## [DATA BELOW]
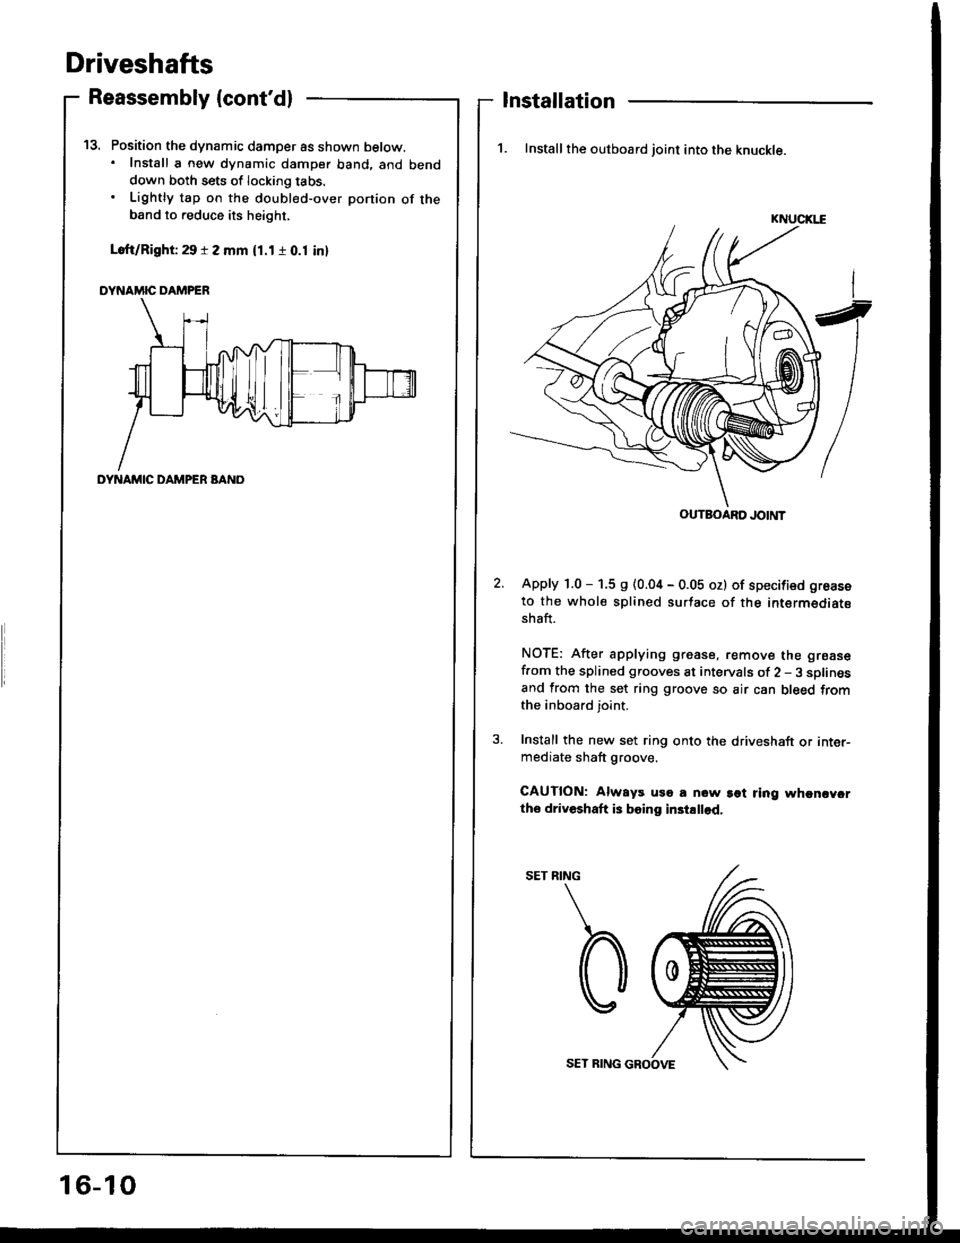 HONDA INTEGRA 1994 4.G User Guide Driveshafts
Position the dynamic damper as shown below.. Install a new dynamic damper band. and benddown both sets of locking tabs.
Lightly tap on the doubl€d-over ponion of theband to reduce its he

## [YOUR INSTRUCTIONS]
Repeat, exactly as they stand, the line that contains "Position the dynamic" and all the lines after it in the data above.

## [RESULT OF THE EXERCISE]
Position the dynamic damper as shown below.. Install a new dynamic damper band. and benddown both sets of locking tabs.
Lightly tap on the doubl€d-over ponion of theband to reduce its he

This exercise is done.